Preparation and properties of human chorionic gonadotropin antagonist for biological studies: antifertility effects in the female rat

Abstract

We compared the effects of treatment of clinical grade hCG powders with anhydrous HF (hydrogen fluoride) or TFMS (trifluoromethane sulfonic acid). HF treatment yielded stable product (DG-hCG), which had desirable antagonistic activity in mouse Leydig cells. Binding of HF-hCG to ovarian granulosa cell FSH receptors was < 5% as compared to purified ovine FSH. As LH/hCG receptor specificity was not significantly compromised crude hCG could be directly used in obtaining large amounts of the antagonist.
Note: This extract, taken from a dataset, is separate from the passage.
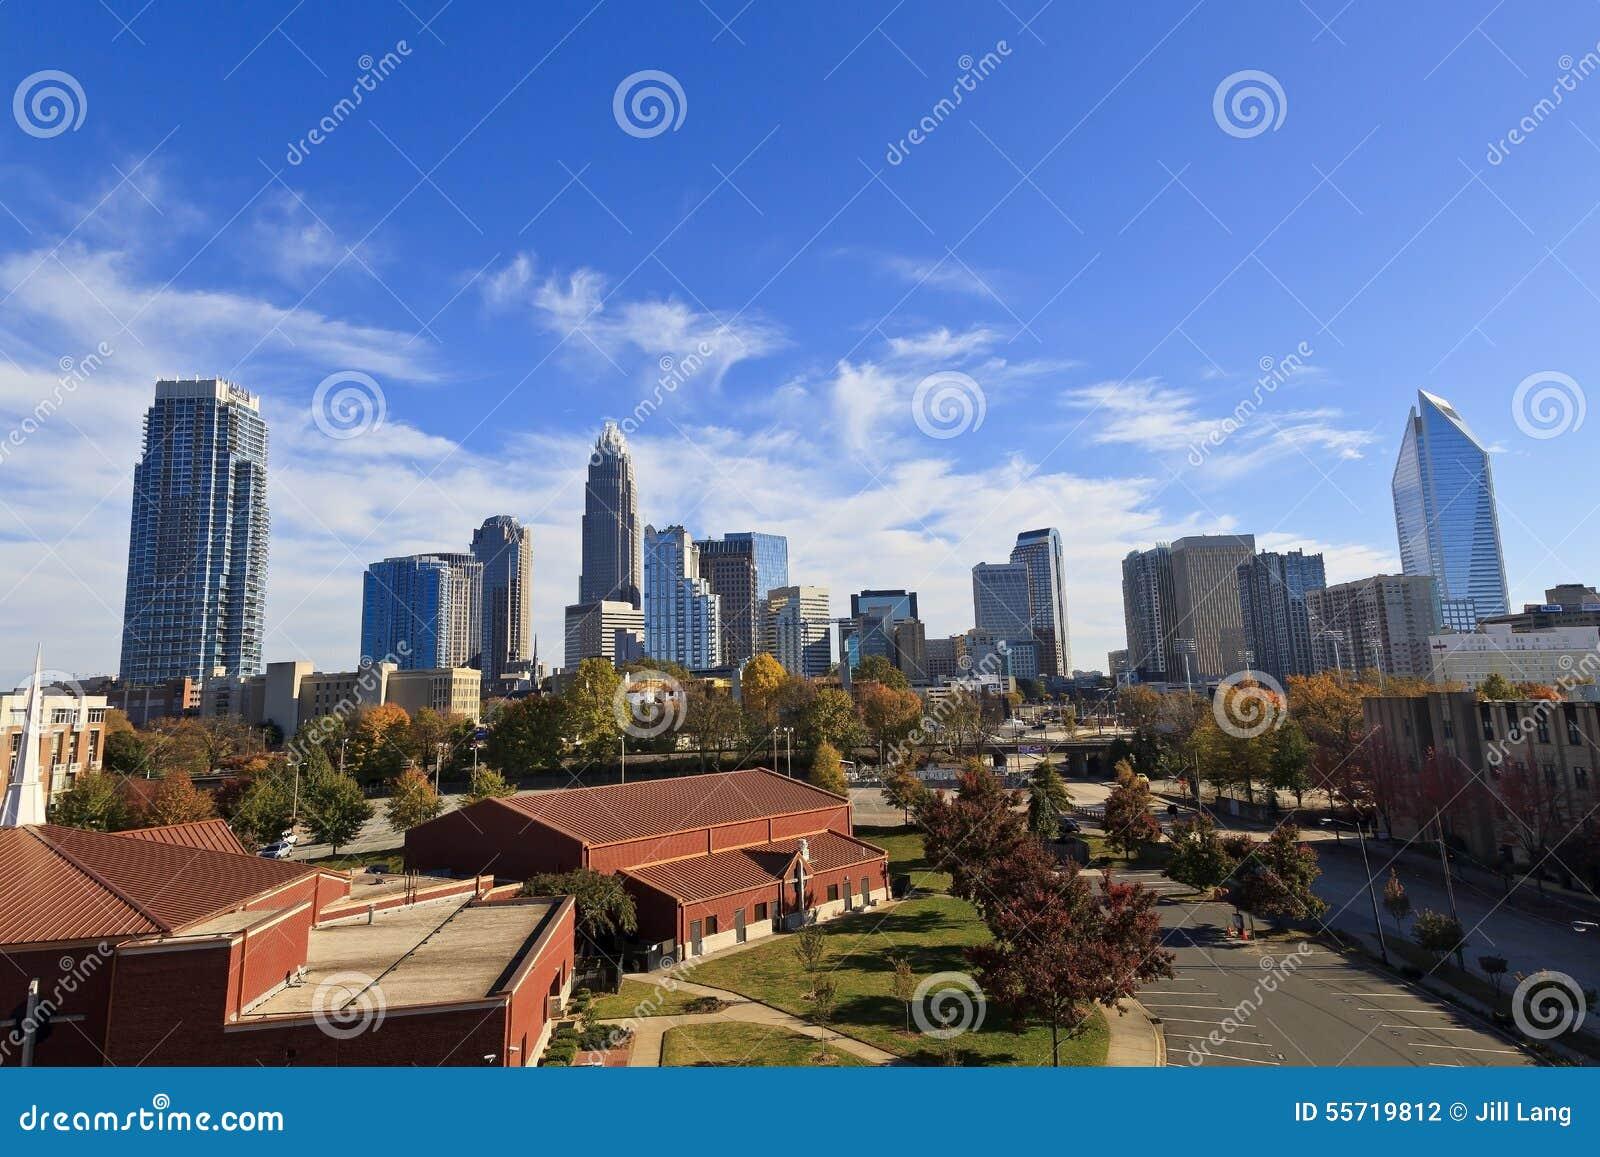 North carolina usa november 9 2014 skyline view of charlotte nc

The effects of antagonist (DG-hCG) and agonists crude hCG and purified hCG were evaluated in pregnant rats. When administered between days 1 to 5 of pregnancy, crude DG-hCG inhibited serum progesterone and oestradiol levels and implantation. The effect was dose-dependent. However, both crude hCG and purified hCG elevated progesterone level and partially inhibited implantation (up to about 40%). In the post-implantation period (days 8-11) crude DG-hCG treatment induced abortion due to a decrease in circulating progesterone and oestradiol levels. The agonists, crude hCG and purified hCG, on the other hand, elevated both steroid levels in serum and induced partial termination of pregnancy (up to 50%). During the second half of pregnancy, when luteotropic support of LH becomes unnecessary in the rat, crude DG-hCG (antagonist) had no effect on parturition. However, crude or purified hCG caused delay in parturition by sustaining high level of progesterone in circulation. Our data demonstrate that the antifertility effects of crude DG-hCG are more potent and consistent than the administration of either crude or purified hCG in the pregnant rat.